# Smoking Eagles Kids Q 2010



## wittdog (Aug 15, 2010)

The boys took 1st in Chicken 2nd in Pork Chops and were RGC at the 2010 Smoking Eagles Kids Q.  I would have been proud to serve there food anytime they did great and had a good time.
http://good-times.webshots.com/photo/27 ... good-times


----------



## Griff (Aug 15, 2010)

Congratulations to the Witt boys.


----------



## Vermin999 (Aug 15, 2010)

VERY NICE!!!!! Congrats!!!


----------



## bbquzz (Aug 15, 2010)

Congratulations gentlemen, great job!


----------



## Nick Prochilo (Aug 16, 2010)

Excellent job boys! Glad to see the apple doesn't fall to far from the tree! You doing a great job with them boys Dave!


----------



## GoodSmokeBBQ (Aug 16, 2010)

Chips off the old block!!  Congrats!!


----------



## honcho (Aug 16, 2010)

Thanks for coming BBQ Brother, It was great to see the ROCK STARS cookin again
You guys are the best


----------



## Smokey Lew (Aug 16, 2010)

Way to go!
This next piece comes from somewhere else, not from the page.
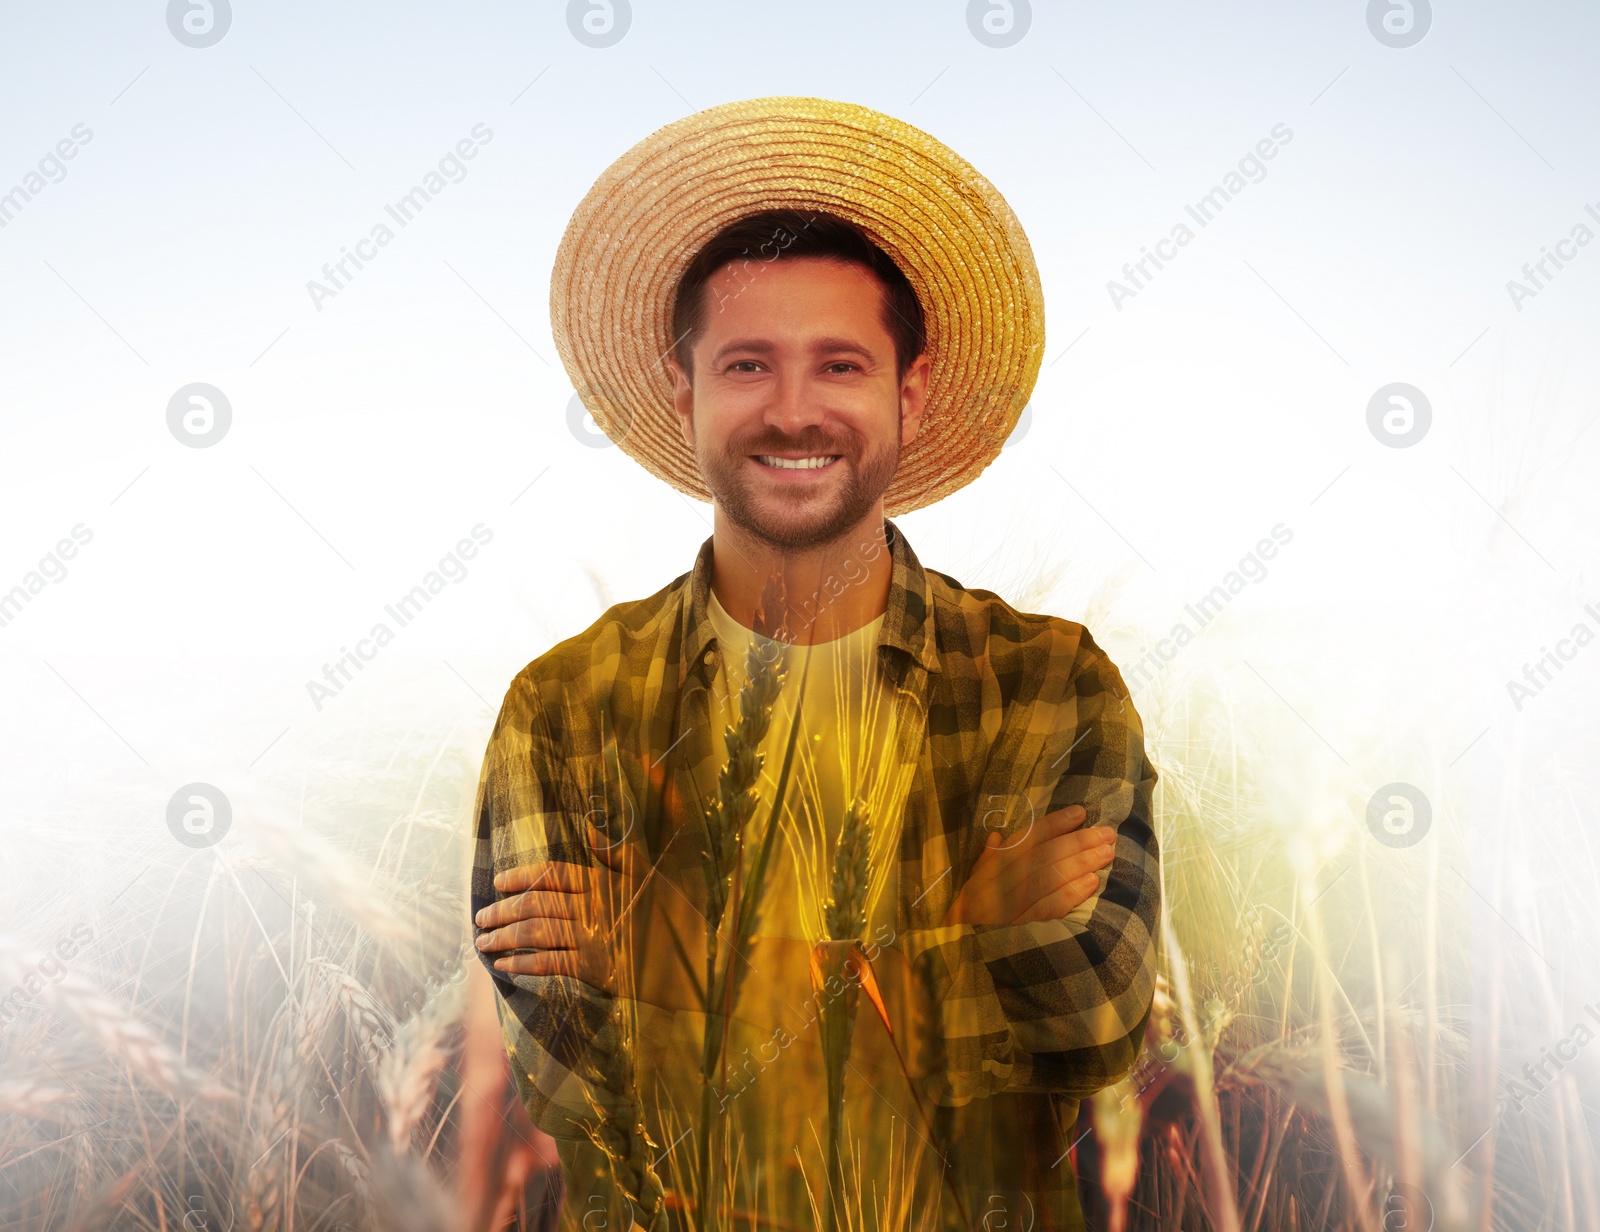 Image of Double exposure of farmer and wheat field on white background

They did great.


----------



## BONE HEADS (Aug 16, 2010)

Great job guys!


----------



## Aaron1 (Aug 16, 2010)

congrats boys
A@A


----------



## Shores (Aug 18, 2010)

Nice work guys!


----------



## ScottyDaQ (Aug 18, 2010)

Congrats Wittlets!


----------



## Pigs On The Wing BBQ (Aug 24, 2010)

Guess the apple didn't fall from the tree. Great job! I can see D and MJ in the butcher shop now, picking out some fine cut's of meat.  Then doing them up while dad and mom just let them roll. too cool.  

Pigs


----------